Резок, сердит в данном случае молодой автор - что ж, это с ним бывало, позже и порезче, и покруче умел он сказать. Однако смладу питавшие его родные Каменка, Озерки, Бутырки, Васильевское - среднерусские села, усадьбы, окружавшие их угодья, населявший их народ, они, а ничто иное были пищей зрения, слуха, души молодого поэта, и им обязаны мы и русская литература рождением замечательных бунинских шедевров, вроде "Руси" , " Таньки" , " Ловчего" и многих других. "На край света" - первый бунинский сборник рассказов - уже был наполнен этой природой, этими типажами.

Что такое Захар Воробьев из одноименного рассказа, богатырь-мужик русобородый с богатырской же душой?.. Он нес на руках верст пять нищую, убогую старуху, а мог бы, кажется, унести всю Русь, все ее горе-злосчастье. Да что толку! Гибнет Захар, выпив на спор с дрянными людишками море водки. Поэт Иван Вольнов сказал об этом рассказе: "Это - на сто лет! Революцию сделаем, республика будет, а рассказ этот не выдохнется, в школах будут читать, чтоб дети знали, до чего просто при царях хорошие мужики погибали" .

В изображении мужиков, крестьянской жизни, деревенской природы чудятся у Бунина та же правда и та же боль, что были у Некрасова, у Глеба и Николая Успенских, - не зря Успенских он всегда высоко ставил, почитал, писал о них.

Бунин знал не идеализированный, романтизированный, приукрашенный из разных причин и чьих-то выгод русский народ, а подлинный, полный всякими достоинствами и столь же разнообразными малопривлекательными чертами. Но правда-Бог велит писателю: даже художественно-преображенный мужик у него есть во всем смаке и мощи мужик-богатырь и дикарь, хозяин и раб, человек и полузверь. Как ни странно, Иван Алексеевич всегда внутренне полемичен, с чем-то (редко с кем-то) борется и полон скрытого, сконцентрированного пафоса. Изредка прорывается наружу. Так, например, в 1915 году: " ...литература наша изовралась невероятно, критика пала донельзя, провал между народом и городом образовался огромный, о дворянах теперь нынешний городской интеллигент знает уже только по книжкам, о мужиках - по извозчикам и дворникам, о солдатах - только одно: "Так что, ваше благородие" , говорить с народом он не умеет, изобразители сусальной Руси, сидя за старыми книжками и сочиняя какой-то, никогда не бывалый утрированно-русский и потому необыкновенно противный и неудобочитаемый язык, врут ему не судом, вкусы его все понижаются". Фальшь, проклятая фальшь - первый враг Бунина. Это пишет уже автор "Деревни" , произведения, бомбой рванувшего в обществе, мощного по замыслу и воплощению, сказавшего ту голую правду о Руси, на которую никто не решался. Прорвалось далеко не "вдруг" - о вековой отсталости, косности и дикости, о загубленности жизни и судеб, о вине не кого-то, социальной и классовой, а самих людей, обладателей и носителей конкретных характеров, исконно, исторически, генетически русских, со всеми их качествами и пороками, свитыми воедино. Здесь он шел в ногу со зрелым, мудрым Чеховым, автором "Моей жизни" , " Мужиков" , " В овраге" , уже драматургом Чеховым.

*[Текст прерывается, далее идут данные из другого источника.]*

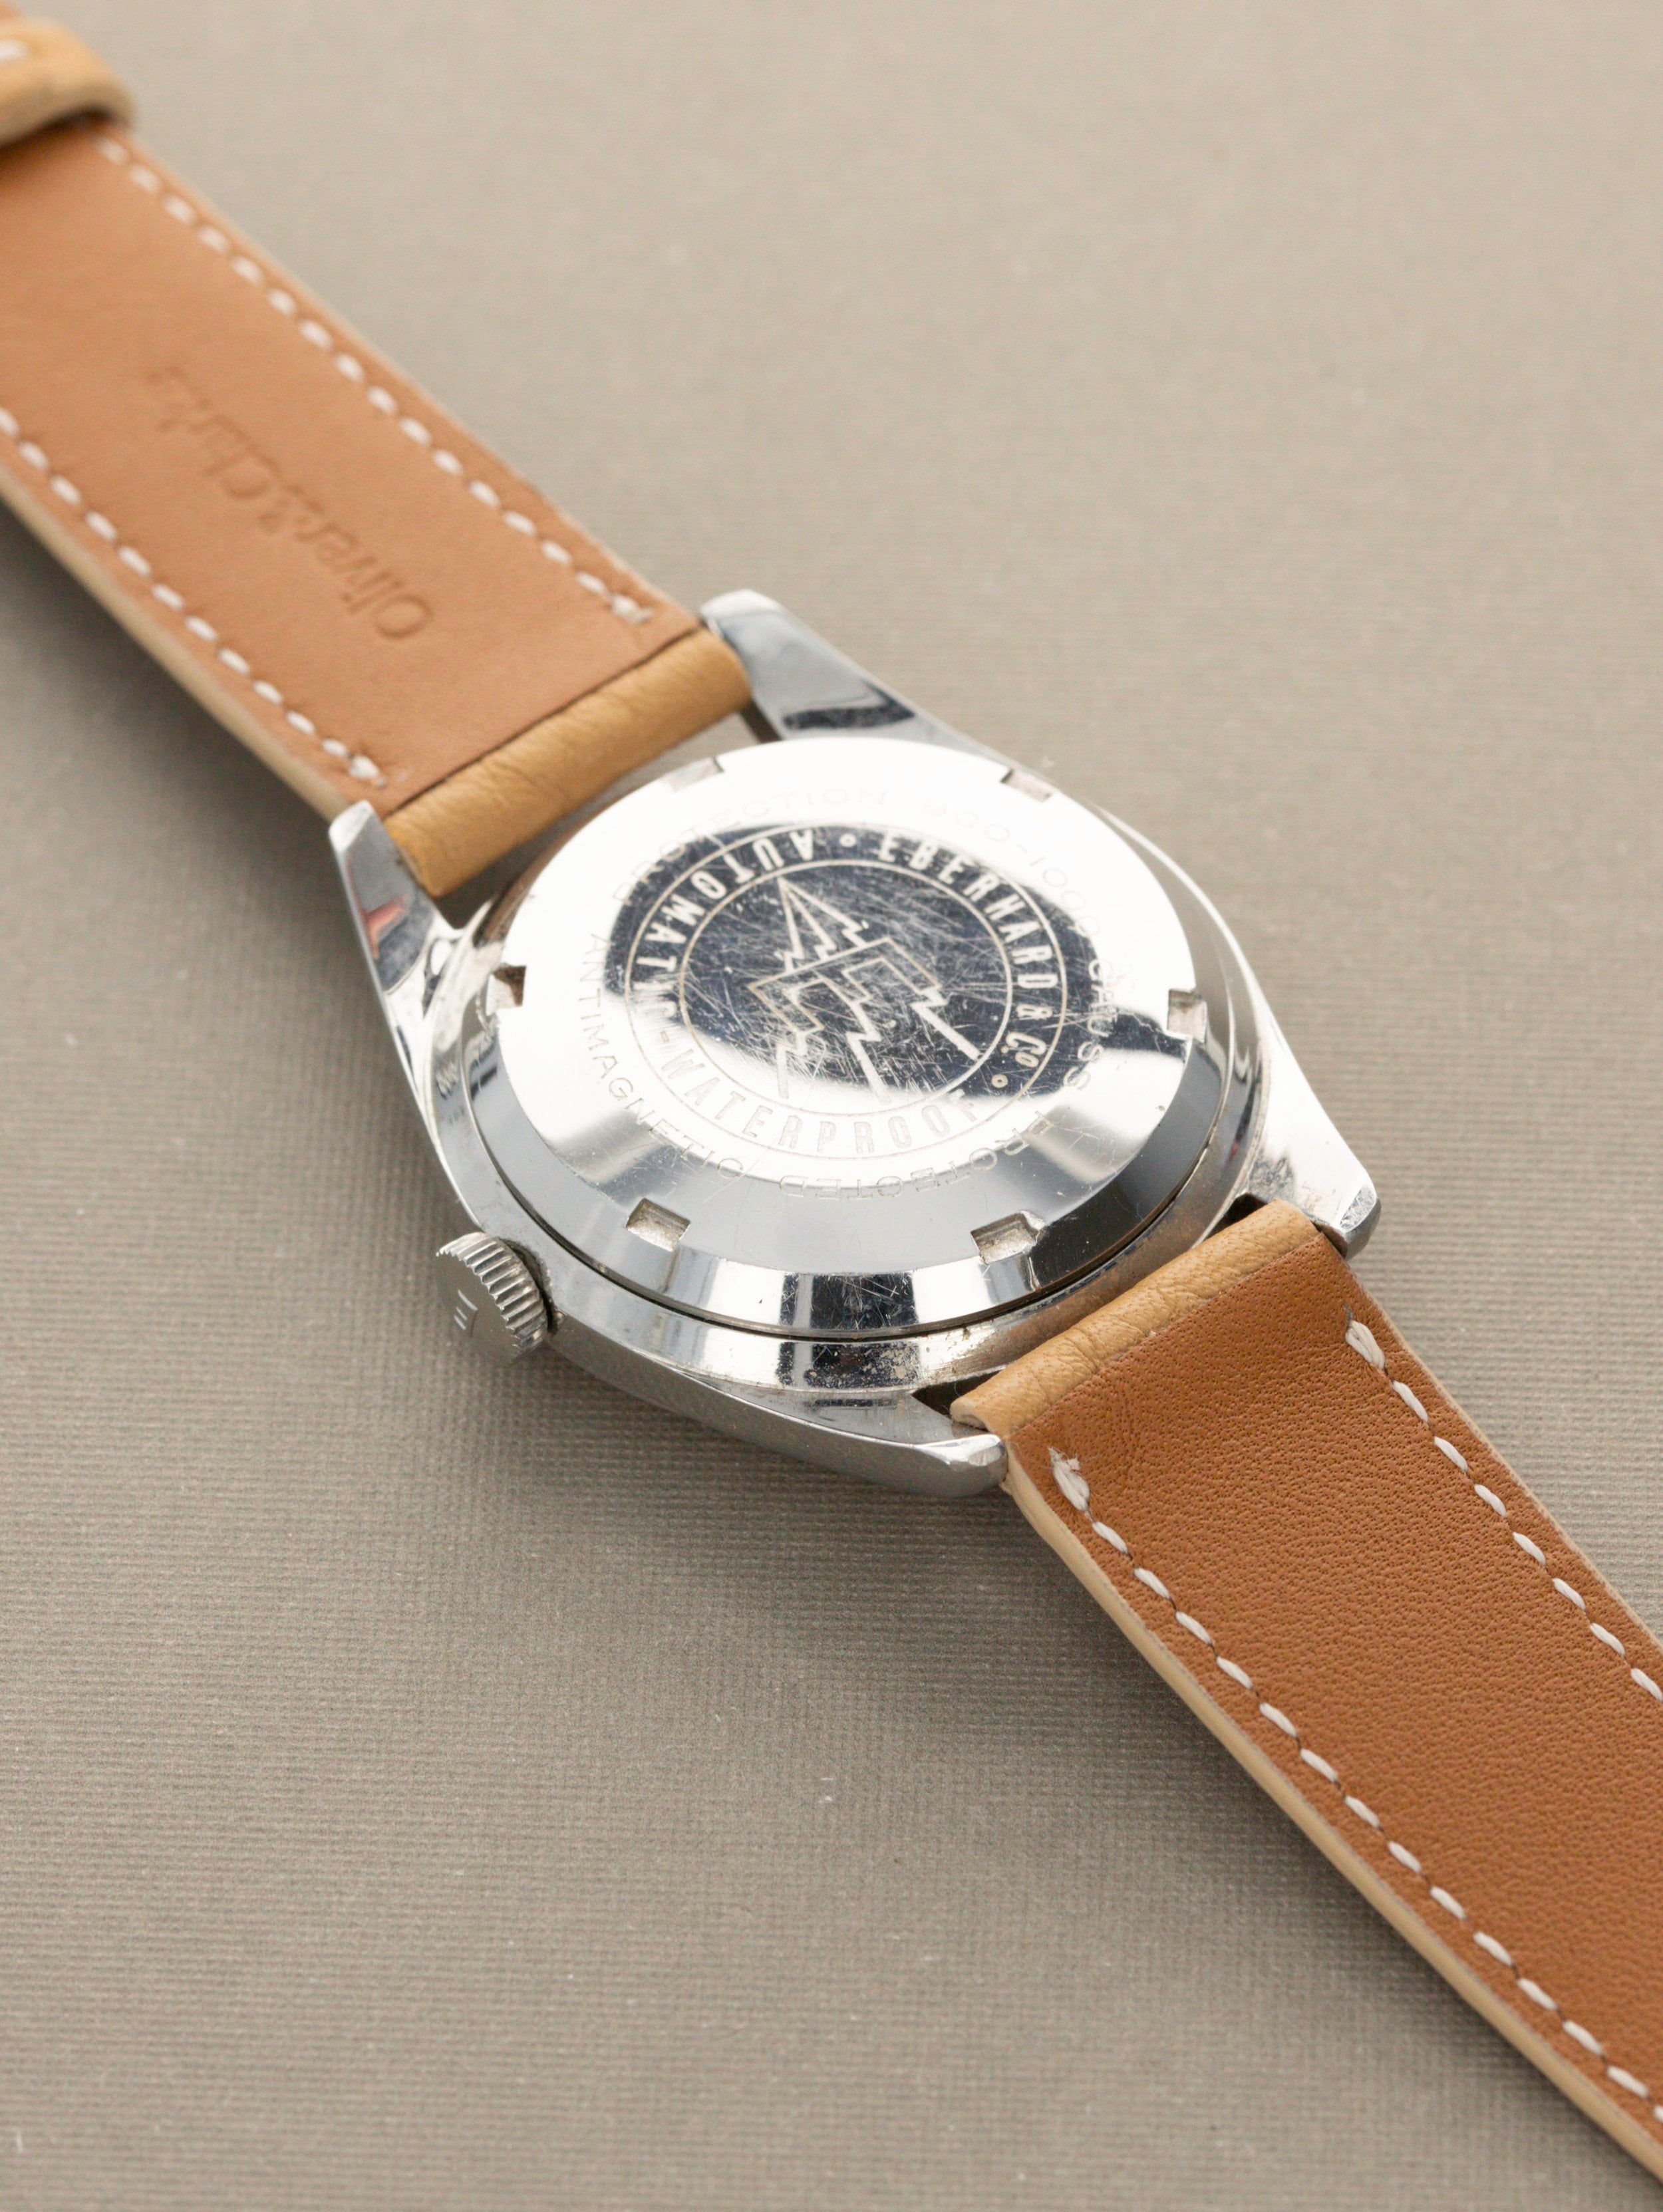 Eberhard Scientigraf - A Rare Antimagnetic Watch

. За что и был, как известно, навсегда отлучен от советского читателя. Горького за "Несвоевременные мысли" , книгу, тоже не по шерстке гладящую власти и революционный народ, вроде бы простили, прижали к груди ленинско-сталинской, а Бунина - нет, никогда, до самой его смерти.

Еще бы! Приведу одну малоизвестную запись из дневника Бунина 6 августа (н. ст.) 21-го года: "В газетах все то же. "На помощь!" Призывы к миру "Спасти миллионы наших братьев, гибнущих от голода русских крестьян!" А вот когда миллионами гибли в городах от того же голода не крестьяне, никто не орал... И как надоела всему миру своими гнусностями и несчастьями эта подлая, жадная, нелепая сволочь - Русь!"

Надо глубоко и яро, всей душой любить родину, чтобы сметь так сказать! Вроде как было сказано: "немытая Россия" .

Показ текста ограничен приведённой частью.